Дверь в кухню была открыта, и оттуда слышался размеренный могучий храп Пантелея Прокофьевича, во сне сладко чмокала губами и что-то лепетала маленькая Полюшка. Крепок детский, ничем не тревожимый сон!
Пока Ильинична взбивала подушку, готовя постель, Наталья присела на лавку, обессиленно положила голову на край стола. Дуняшка хотела было войти в горницу, но Ильинична сурово сказала:
– Уйди, бессовестная, и не показывайся сюда! Не дело тебе тут натираться.
Нахмуренная Дарья взяла мокрую тряпку, ушла в сени. Наталья с трудом подняла голову, сказала:
– Сымите с кровати чистую одежу… Постелите мне дерюжку… Все одно измажу…
– Молчи! – приказала Ильинична. – Раздевайся, ложись. Плохо тебе? Может, воды принесть?
– Ослабла я… Принесите мне чистую рубаху и воды.
Наталья с усилием встала, неверными шагами подошла к кровати. Тут только Ильинична заметила, что юбка Натальи, напитанная кровью, тяжело обвисает, липнет к ногам. Она с ужасом смотрела, как Наталья, будто побывав под дождем, нагнулась, выжала подол, начала раздеваться.
– Да ты же кровью изошла! – всхлипнула Ильинична.
Наталья раздевалась, закрыв глаза, дыша порывисто и часто. Ильинична глянула на нее и решительно направилась в кухню. С трудом она растолкала Пантелея Прокофьевича, сказала:
– Наталья захворала… Дюже плохая, как бы не померла… Зараз же запрягай и езжай в станицу за фершалом.

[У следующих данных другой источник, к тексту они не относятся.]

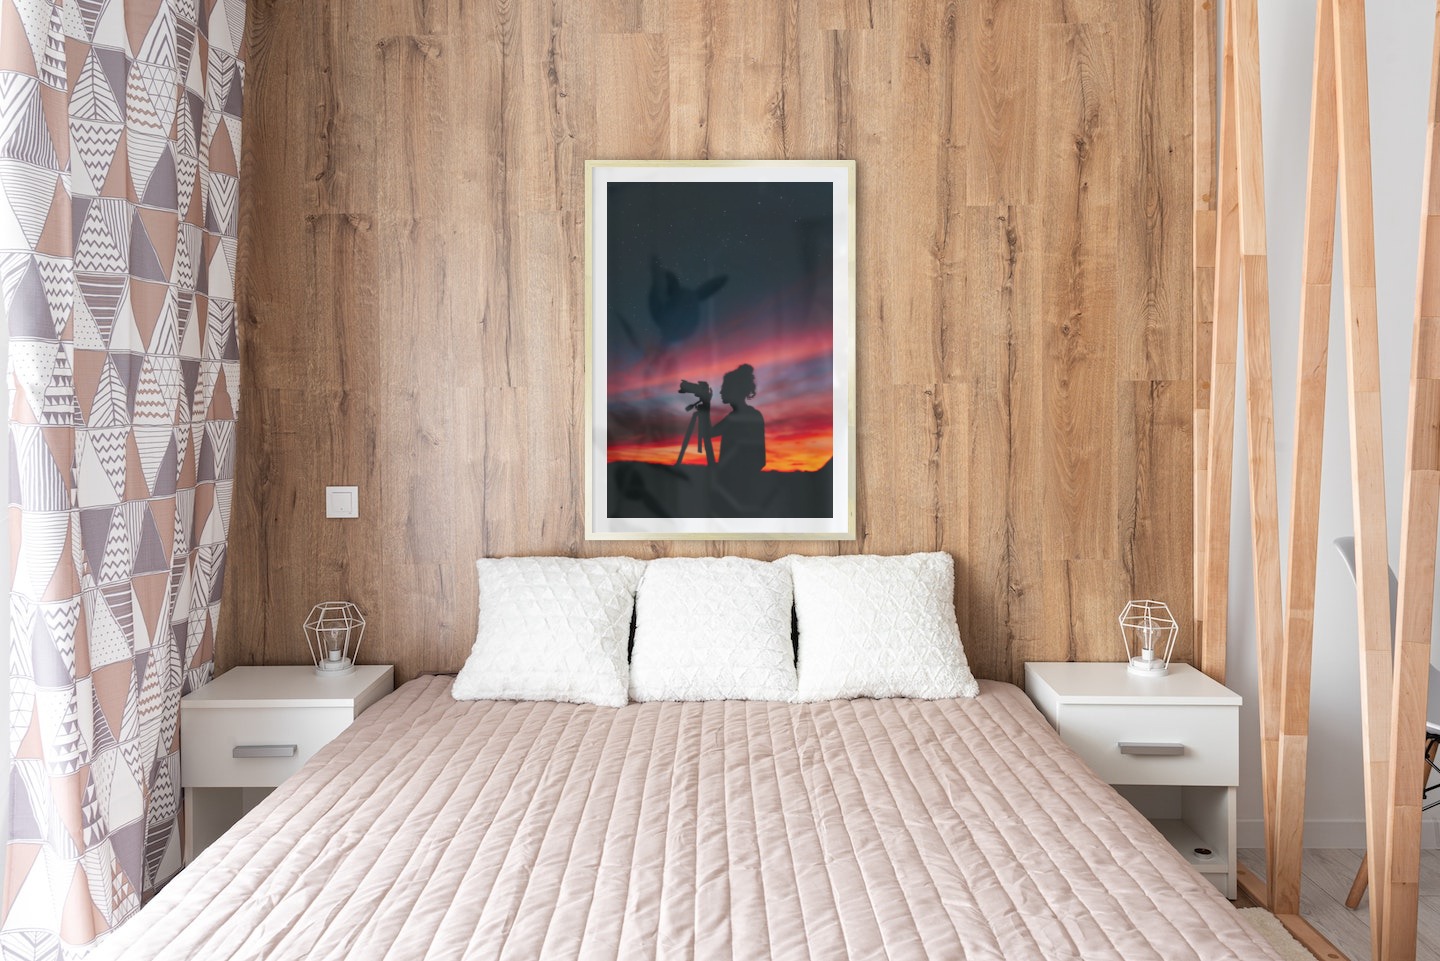 Gallery wall with picture frame in gold in size 70x100 with print "Photographer at night"

– Выдумаешь чертовщину! С чего ей поделалось? Захворала? Поменьше бы по ночам таскалась…
Старуха коротко объяснила, в чем дело. Взбешенный Пантелей Прокофьевич вскочил, на ходу застегивая шаровары, пошел в горницу.
– Ах, паскудница! Ах, сукина дочь! Чего удумала, а?! Неволя ее заставила!.. Вот я ей зараз пропесочу…
– Одурел, проклятый?! Куда ты лезешь?.. Не ходи туда, ей не до тебя!.. Детей побудишь! Ступай на баз да скорее запрягай!.. – Ильинична хотела удержать старика, но тот, не слушая, подошел к двери в горницу, пинком распахнул ее.
– Наработала, чертова дочь! – заорал он, став на пороге.
– Нельзя! Батя, не входи! Ради Христа, не входи! – пронзительно вскрикнула Наталья, прижимая к груди снятую рубаху.
Чертыхаясь, Пантелей Прокофьевич начал разыскивать зипун, фуражку, упряжь. Он так долго мешкал, что Дуняшка не вытерпела – ворвалась в кухню и со слезами напустилась на отца:
– Езжай скорее! Чего ты роешься, как жук в навозе? Наташка помирает, а он битый час собирается! Тоже! Отец называется! А не хочешь ехать – так и скажи! Сама запрягу и поеду!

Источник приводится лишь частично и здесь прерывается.